# 1939 Huffman Airflyte Streamline Model 50 Mostly Original (including paint)



## dhoeffn (Dec 22, 2015)

Hi,

I have just listed a bike I posted on the ID forum earlier that many of you were so helpful in assisting me in determining what I had (thanks again all who helped me out).

It is listed at $1299 OBO on eBay at this link:  http://www.ebay.com/itm/-/131682946766?

Thanks!


----------



## dhoeffn (Dec 24, 2015)

Sold.


----------



## bikebozo (Dec 24, 2015)

good job , you did everything right , was there any weird stuff in the storage locker??    let me know if you find some odd ball stuff , teeth, human , sharks or any thing , that seems crazy or hard to get rid off ,,  i am a tooth collector,among other weirdo things ..  thanks walter branche    branchewalter@yahoo.com


----------



## dhoeffn (Dec 24, 2015)

Oh man this locker is a lot of fun.

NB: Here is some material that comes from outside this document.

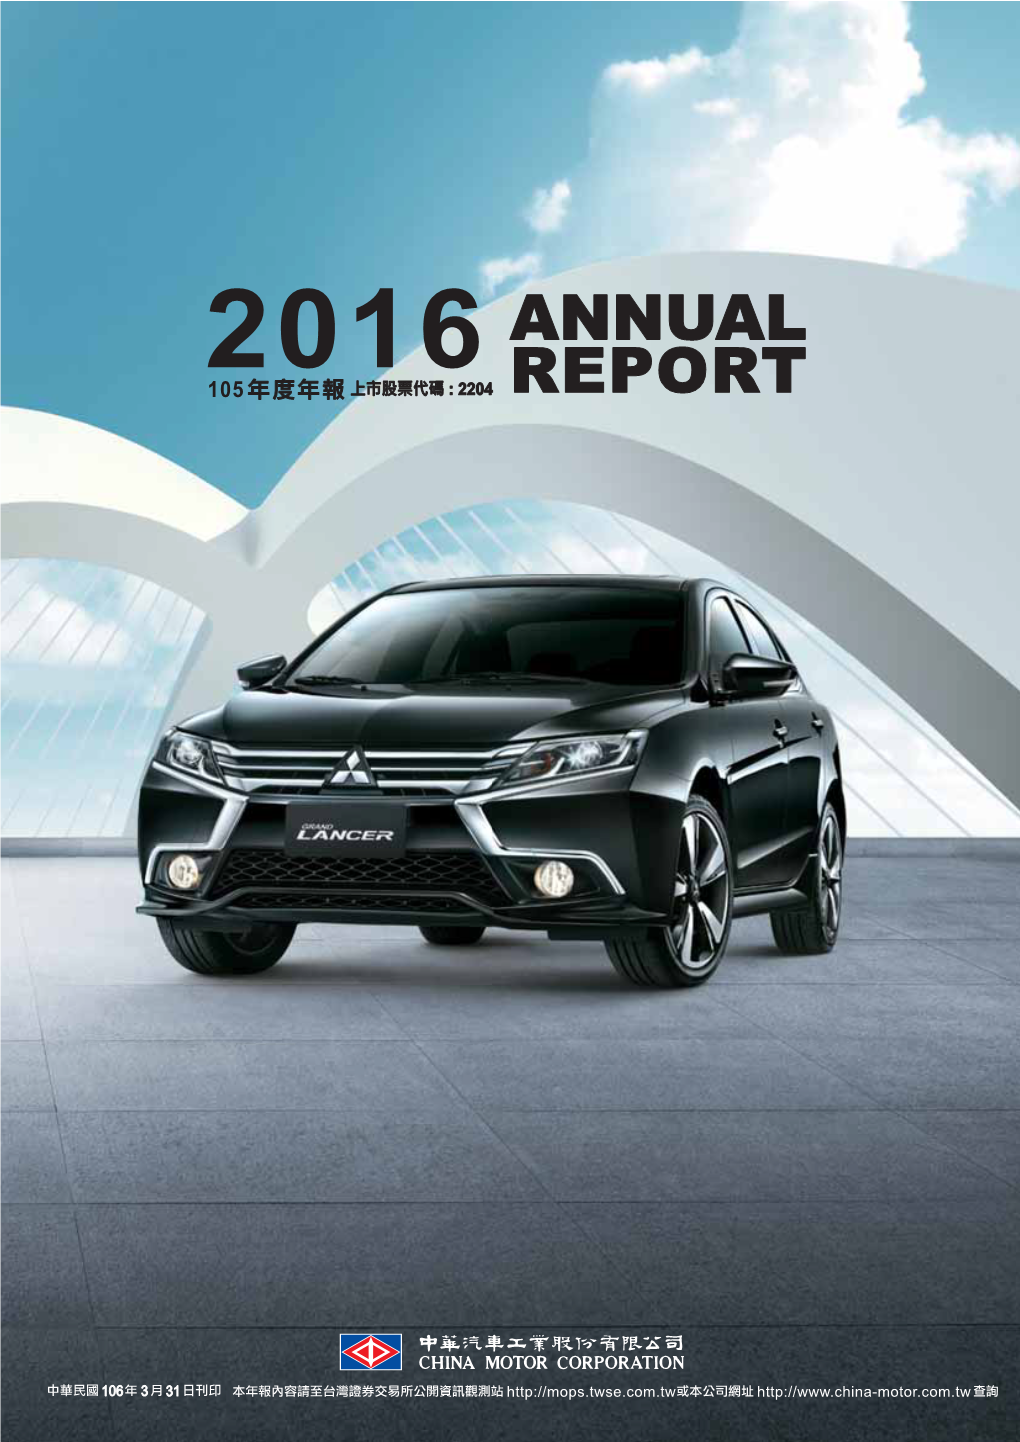 2016 Annual Report (Translation)

Its pretty much a time capsule from the 40s to the 80s.

So far my finds:

- Vintage complete (and working) Apple II e
- Multiple books, with my personal favorite I may have to keep, a first print Hemingway "The Sun Also Rises"
- Letters / pictures / documents
- Lots of trinkets like vintage ash trays, glasses, electronics

As the CABER who bought the bike could see in the garage where he picked up the bike, there are dozens of boxes still to go. Hoping to even find the stand for the bike in there somewhere so I can send it to him.

Ill be on the look out for those items and shoot some pics over to you.


----------



## bikebozo (Dec 24, 2015)

*good stuff*

thank you for your time and patience , good luck


----------